Development of pH-Responsive SA/PEGDA/AS-POSS Hydrogels via Michael Addition for Controlled Drug Release and Enhanced Mechanical Properties.

Abstract

In this study, thiolated sodium alginate (SA) and hydrophilic, polymerizable Janus-type polyhedral oligomeric silsesquioxane (AS-POSS) are synthesized by introducing thiol and sulfonic acid groups, respectively. A series of pH-responsive SA/PEGDA/AS-POSS nanocomposite hydrogels are successfully prepared through Michael addition reactions between the thiol groups of thiolated sodium alginate and the double bonds in the molecular chains of AS-POSS and poly(ethylene glycol) diacrylate (PEGDA). This reaction proceeds rapidly under physiological conditions without requiring initiators or catalysts. As the content of AS-POSS increases, the pore size within the hydrogel decreases, and the network structure becomes denser, with significant improvements in mechanical properties.
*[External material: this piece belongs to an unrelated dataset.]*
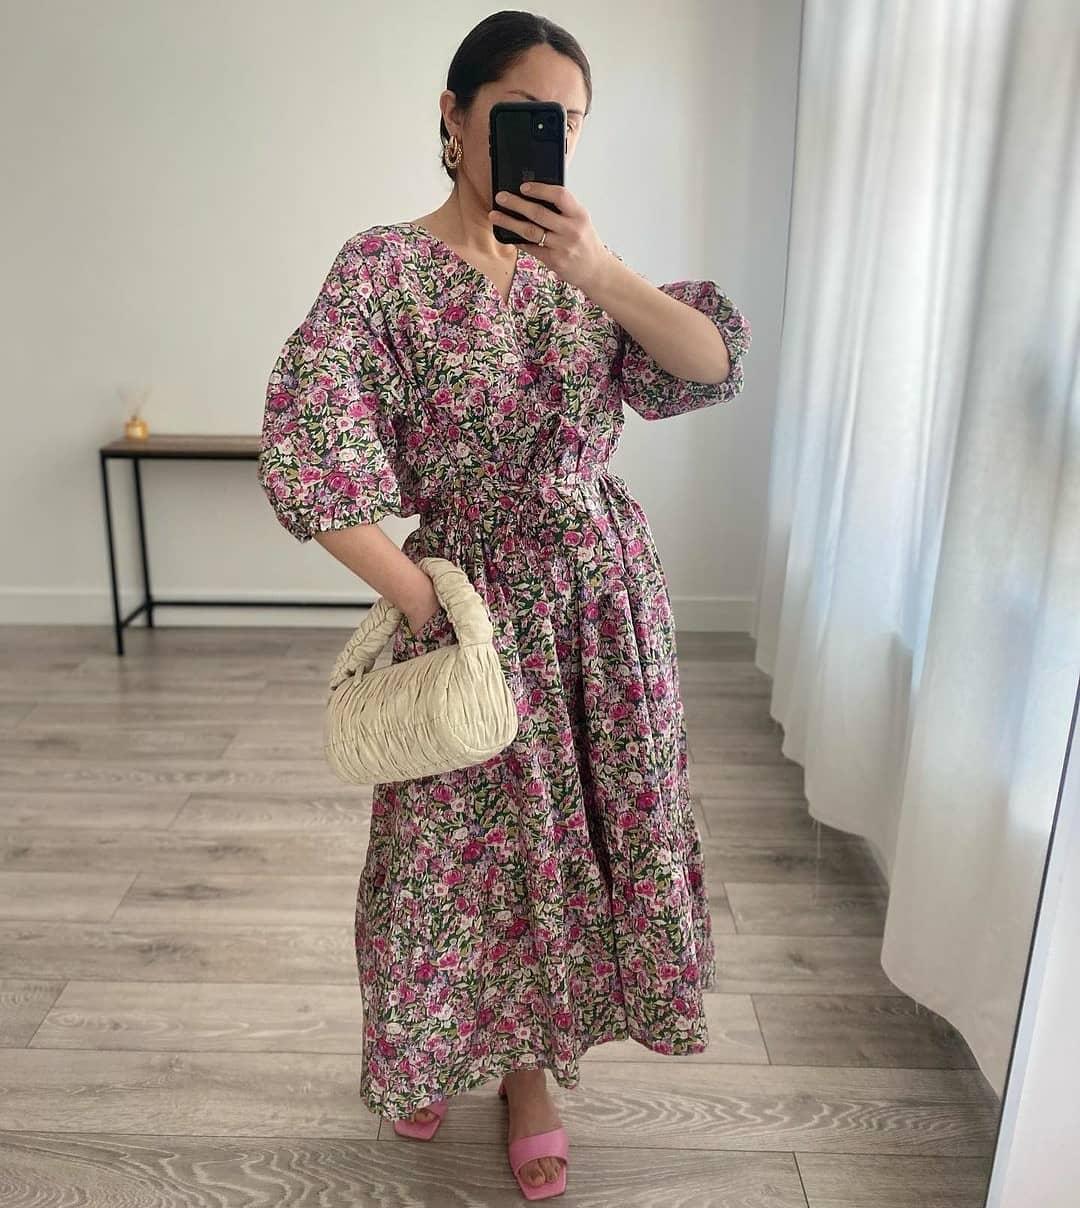 dress linda de Mango sur mangooutfits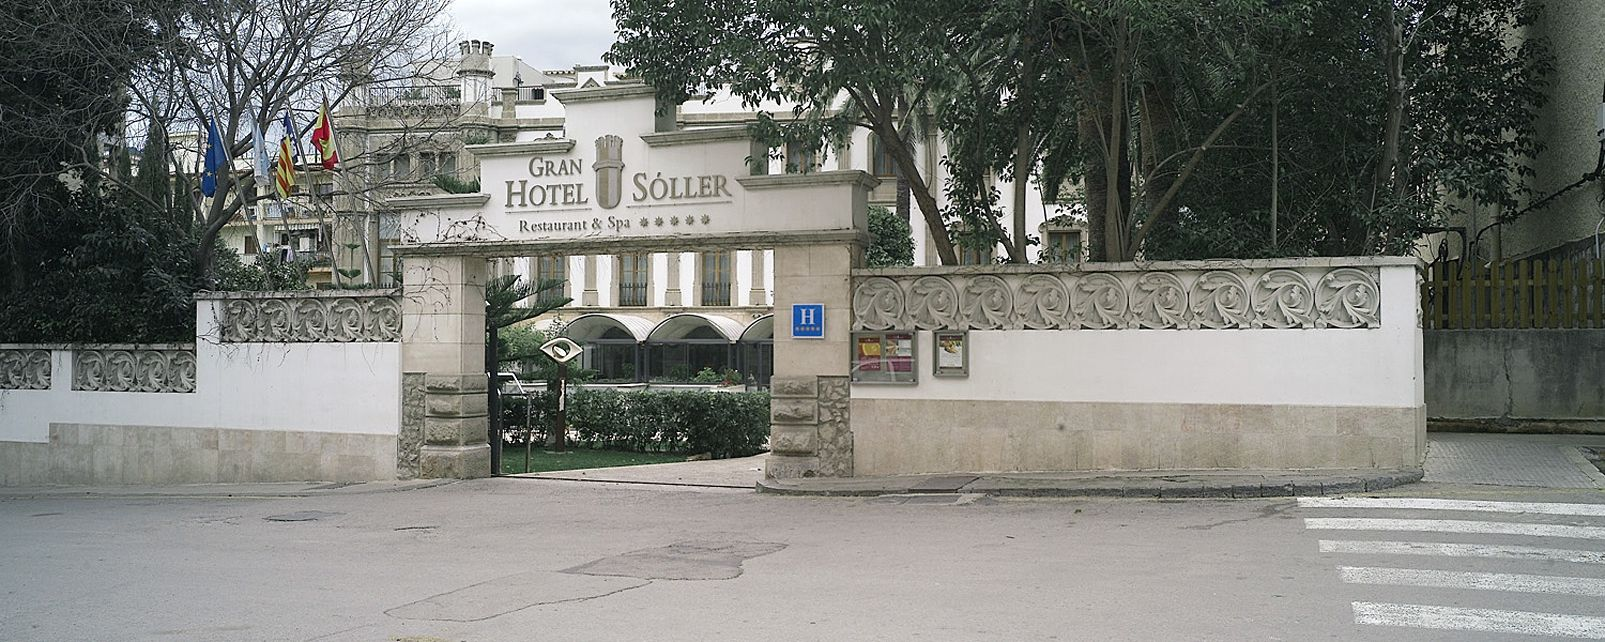 Hôtel Gran Soller

The hydrogel exhibits excellent pH sensitivity, showing lower swelling in acidic media compared to neutral media, and undergoing hydrolysis and losing stability in alkaline media. Moreover, the incorporation of AS-POSS significantly enhances the drug-loading capacity (85.7%) and encapsulation efficiency (72.1%) of doxorubicin (DOX). The drug is released faster in weakly acidic environments, with a cumulative release rate reaching 80.4%, demonstrating excellent targeting and controlled release properties. Cytotoxicity tests show that the SA/PEGDA/AS-POSS hydrogel has good biocompatibility and exhibits effective tumor-killing ability, indicating its great potential as a drug carrier with promising applications in biomedical materials.